In summary, our simulation results show that FD and EGO, can accurately identify the set of true influential genes when the simulated expression coincides with the appropriate model assumptions. In addition, the EGO model can also recover the true gene set when the simulated expression conforms to the FD model.

3.2 Robustness to noise in the network

Since to identify genes of interest our model relies on the network connectivity, here we inspect the stability of our performance with respect to the noise in the network. To do so, we have examined scenarios with 0, 1, 10, 25 and 50% of missing edges and added edges (independently). Each network perturbation was performed by removing (or adding) edges uniformly at random. We have found that our list is robust to small perturbations in the network, at least up to 1% of either addition or deletion of edges. At 10% of noise, the median performance drops from 0.9 to 0.75 AUPR for removed edges and to 0.5 for randomly added edges. This confirms our hypothesis that the methodology is much more sensitive to the addition of false edges rather than to missing true ones (at random). The results for the full range of noise levels are shown on Figure 3.

(A) AUPR score (y-axis) for EGO method corresponding to recovering the original gene list in the presence of noise (missing edges) in the network. The amount of perturbation is indicated in percent on the x-axis. (B) AUPR of recovering the original gene list in the presence of false positive (added) edges. The edges are added or deleted uniformly at random.
Fig. 3.

(A) AUPR score (y-axis) for EGO method corresponding to recovering the original gene list in the presence of noise (missing edges) in the network. The amount of perturbation is indicated in percent on the x-axis. (B) AUPR of recovering the original gene list in the presence of false positive (added) edges. The edges are added or deleted uniformly at random.

3.3 Experiments on lung cancer dataset

Motivated by our results on the simulated data, here we investigate gene importance in lung cancer using gene expression across four independent cohorts of patients available as part of the Director's Challenge Study [Director's Challenge Consortium for the Molecular Classification of Lung Adenocarcinoma et al. (2008)]. Our goal is to show that our EGO model identifies genes across these four datasets more consistently than alternative approaches. The four cohorts that we have examined contained 82, 79, 178 and 104 patients and 49 controls as described in Director's Challenge Study. To account for batch effects, we normalized each cohort using RMA (Rafael, 2003).
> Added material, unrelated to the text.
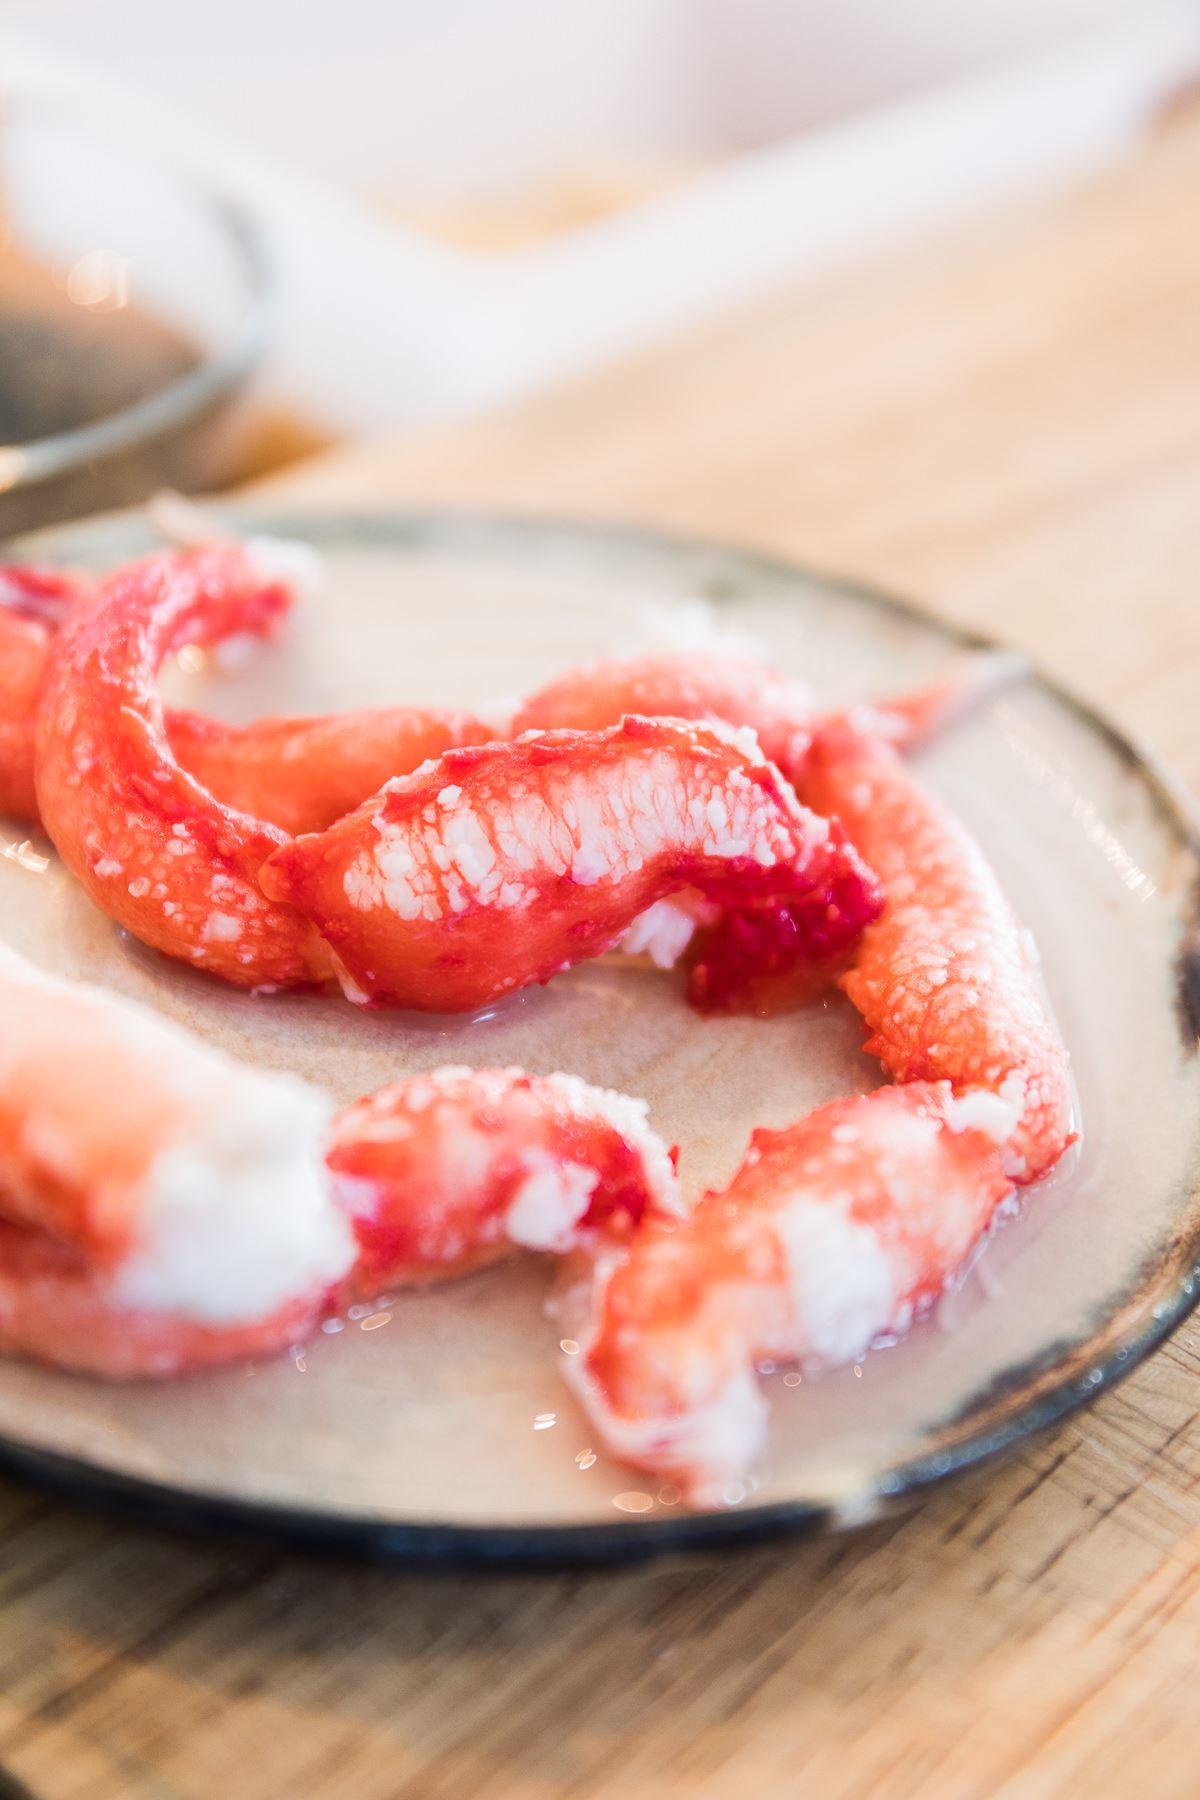 © Brice Portolano, Cooking Classes - Lofoten Food Studio

We used SAM (Tusher et al., 2001) to obtain normalized differential expression. For a given dataset, we ran EGO to find influential genes for each patient independently. We then evaluated consistency at two levels: (i) across patients within the same dataset and (ii) across different cohorts. In the following section, we examine the consistency of our predictions across the four datasets, and compare EGO results to (i) FD, (ii) a subnetwork discovery method Chuang et al. (2007) and (iii) independent t-testing. It took 1 h to run EGO on all the 443 patients in parallel on a cluster of 400 nodes with <5 GB of RAM per run.

3.3.1 Consistency among lung cancer cohorts

To investigate consistency of our method, we have applied our approach to each patient in the four cohorts independently. Figure 4 shows the coefficients α or β, as found by EGO (genes influential in both first- and second-order neighborhoods would appear twice). The genes are ordered by consistency across patients: genes found influential in more patients are at the top, and by increase in explanation power in a single patient; patients whose differential profile yielded higher number of influential genes are further to the right.
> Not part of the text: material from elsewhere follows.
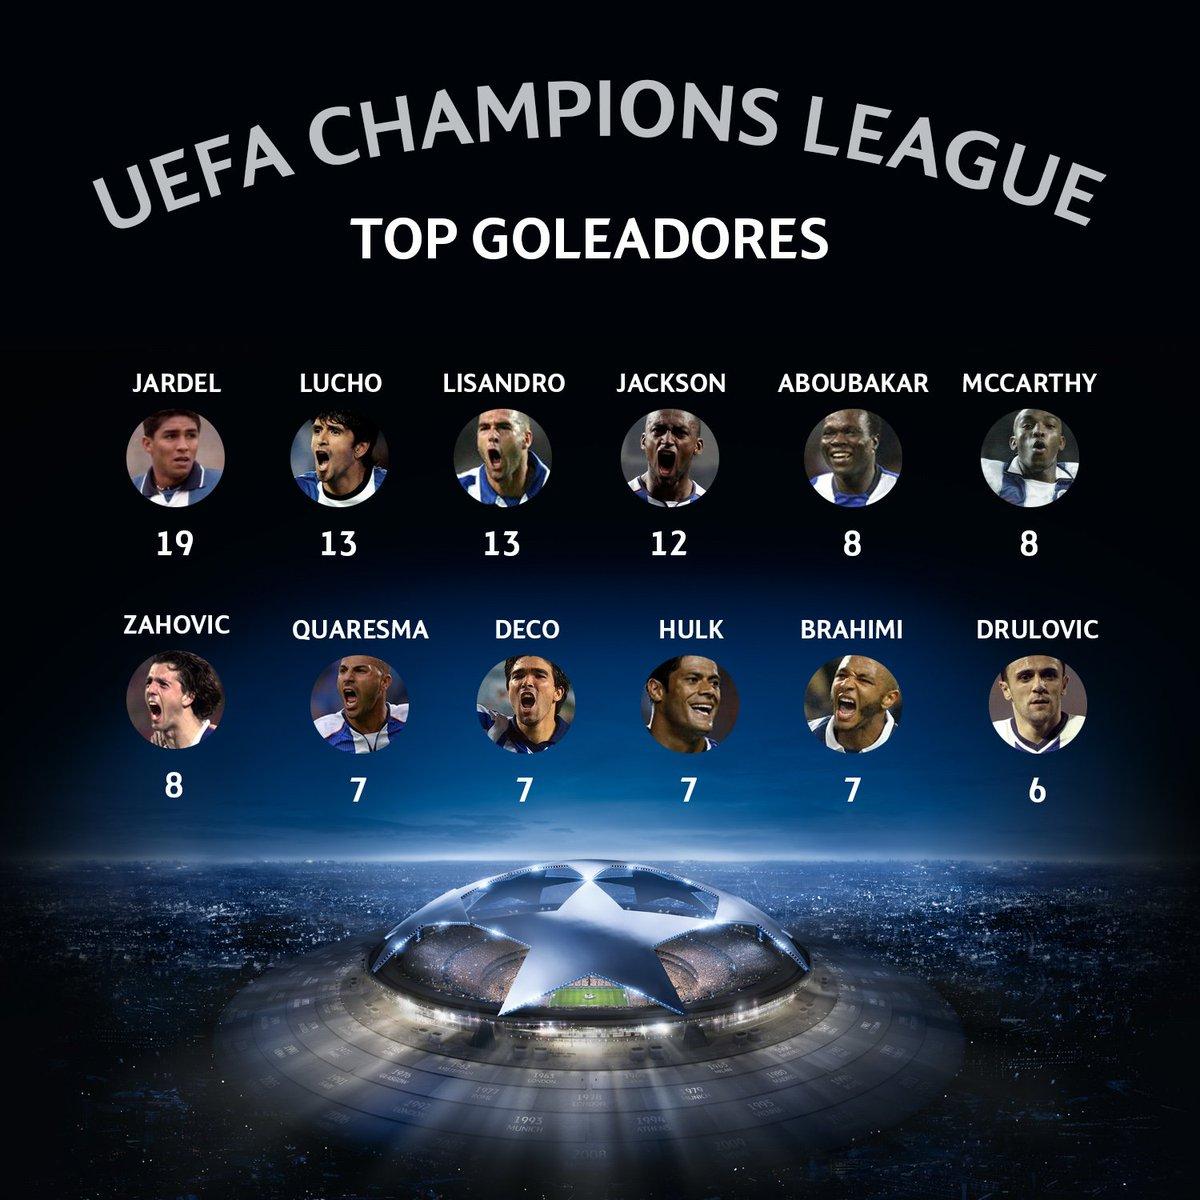 Após bisar frente ao AS Mónaco, Aboubakar já está no Top 5 🔵⚪️⚽️   #FCPorto #RBLFCP #UCL

The heat map shows 21 genes (rows) with non-zero influence factors (non-zero α or β) in at least 50% of patients as found by EGO in one or more of the four Director cohorts (separated by black vertical lines). The colors indicate the value of the influence factor.
Fig. 4.

The heat map shows 21 genes (rows) with non-zero influence factors (non-zero α or β) in at least 50% of patients as found by EGO in one or more of the four Director cohorts (separated by black vertical lines). The colors indicate the value of the influence factor.

There are 3, 16, 16 and 7 genes that appeared in >50% of the patients in Director 1, 2, 3 and 4 datasets, respectively. The overlap between those four sets of genes is shown in Table 1. Three genes present in >50% of the population across all four cohorts are the top three genes in Figure 4: ADM, FCN2 and ACO2. ADM was found to explain its first-order neighbors (non-zero α coefficient) and FCN2 and ACO2 were found to significantly impact their second-order neighbors (non-zero β). Functionally, ADM has been previously associated with tumor growth (Miller et al., 1996), while FCN2 is part of a module associated with immune response. In our network, FCN2 and its neighborhood are functionally enriched in the activation of immune response (q = 1.37e-13) and immune effector process (q = 1.06e-16, where q-value is FDR corrected P-value). FCN2 itself is a known part of the innate immune system (Garred et al., 2009). ADM and FCN2 and their neighborhoods are shown on Figure 5. While these genes are currently not associated with lung cancer directly, each have been implicated in relevant processes: ADM's inhibition, for example, decreases lung angiogenesis (Vadivel et al., 2010); while lower levels of FCN2 have been associated with recurrent respiratory infections in children (Cedzynski et al., 2009); ACO2 is involved in the Kreb's cycle, which is part of the respiratory system.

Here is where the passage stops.